A + F = 1 or 10 (same reasoning as above)

So F must equal 2 or 3 - let's see which one it is.

>

Let F = 2

A = 8 since A + F = 10 (because A + F cannot equal 1)

N = 3 since N + A = 11(because N + A cannot equal 2)

G = 9 since G + N = 12 (because G + N cannot equal 2)

Test: 2839 + 283 = 3122, it works!

>

Let F = 3

A = 7 (same reasoning as above)

N = 4 (same reasoning as above)

G = 8 (same reasoning as above)

Test 3748 + 374 = 4122, which is too much so this is not correct.

>

Thus, G = 9 is the answer.

Though this is an algebra question, humour me We can first identify that for this particular problem we are working with non-zero digits, as such let us consider how we can arrive at 2 from the first column. We can have either 1+1 or some sum to 12, which cannot be the same digit twice; not 6+6. So the combinations we can use are: 7+5, 8+4, 9+3. Intuitively, we realise for the first two columns, the solution will have the same value with different digits because of the extra 1 from the carry, To arrive at 3 for the result from the final column we must realise that since one of the digits reduces by one, and the other is conserved, the puzzle must begin with the largest combination, (9+3). Please poke as many holes and point out as many things as possible in this solution :)
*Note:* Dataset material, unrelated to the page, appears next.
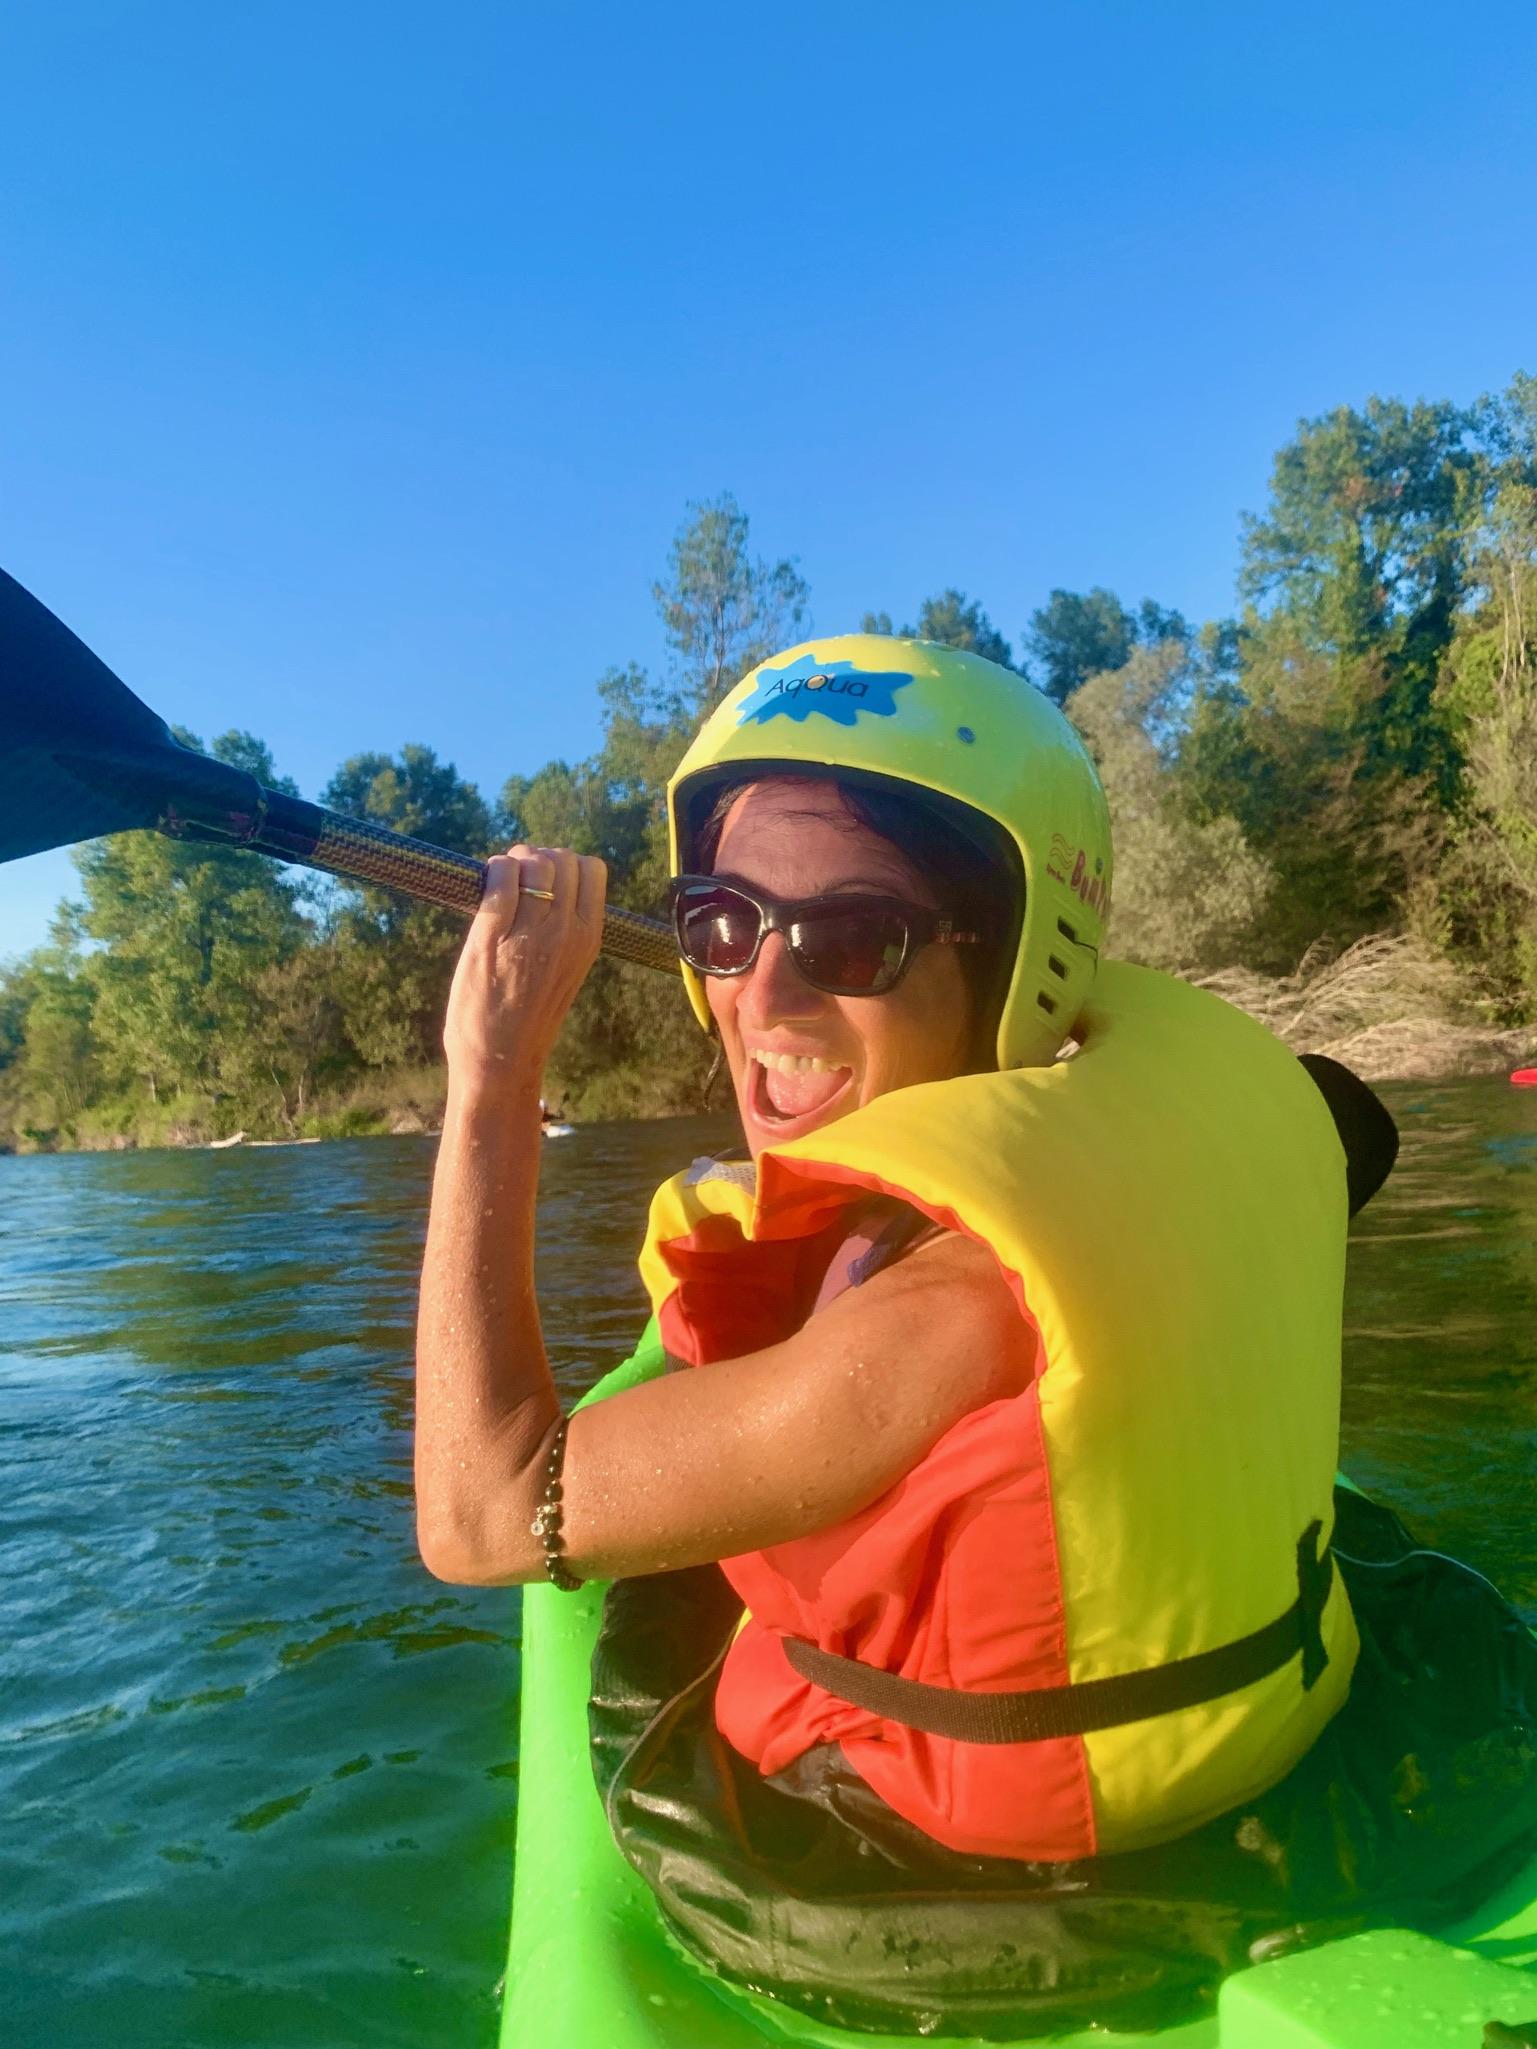 Canoa&Picnic per un'intera giornata tra sport e natura!

divide 3122 by 11. G is remainder

Since each letter represents a unique digit

                                                                  FANG

                                                                    FAN
                                                             ---------------
                                                                  3122

G+N = 12 A+N = 11 A+F = 10 F = 2

Hence A = 8; N = 3 and so G = 9

Verifying the addition

2839 + 283 = 3122

I did this using the guess and check method or the trial and error method. Since the sum of $FANG$ and $FAN$ is a four digit number, $G+N=12$ . So $G+N$ can be

$3+9, 4+8, 5+7, 7+5, 8+4,$ or $9+3$

Now if you start from $3+9=12$ and observed the result, you can try $9+3$ immediately.

I did it by trying all the numbers: solve: "Each letter represents a different nonzero digit"

G+N= 12 if

G = 9,8,7,5,4,3 according to above: G ≠ 0,1,2,6

N = 3,4,5,7,8,9 according to above: N ≠ 0,1,2,6

N+A= 11 if

N=9,8,7,5,4,3 according to above: N≠0,1,2,6,

A= 2,3,4,6,7,8 according to above: A≠0,1,5,9

A+F= 10 if

A=2,3,4,6,7,8 according to above: A≠0,1,5,9

F=8,7,6,4,3,2 according to above: F≠9,5,1

F+1= 3 if

F= 2 we must now use all the information we have learned!!

f=2 A=8

A=8 N=3

N=3 G=9

Assume G to be 9:

Then must N = 3 Then must A = 8 Then must F = 2

Just one answer can be true. Therefore 9 is the correct solution.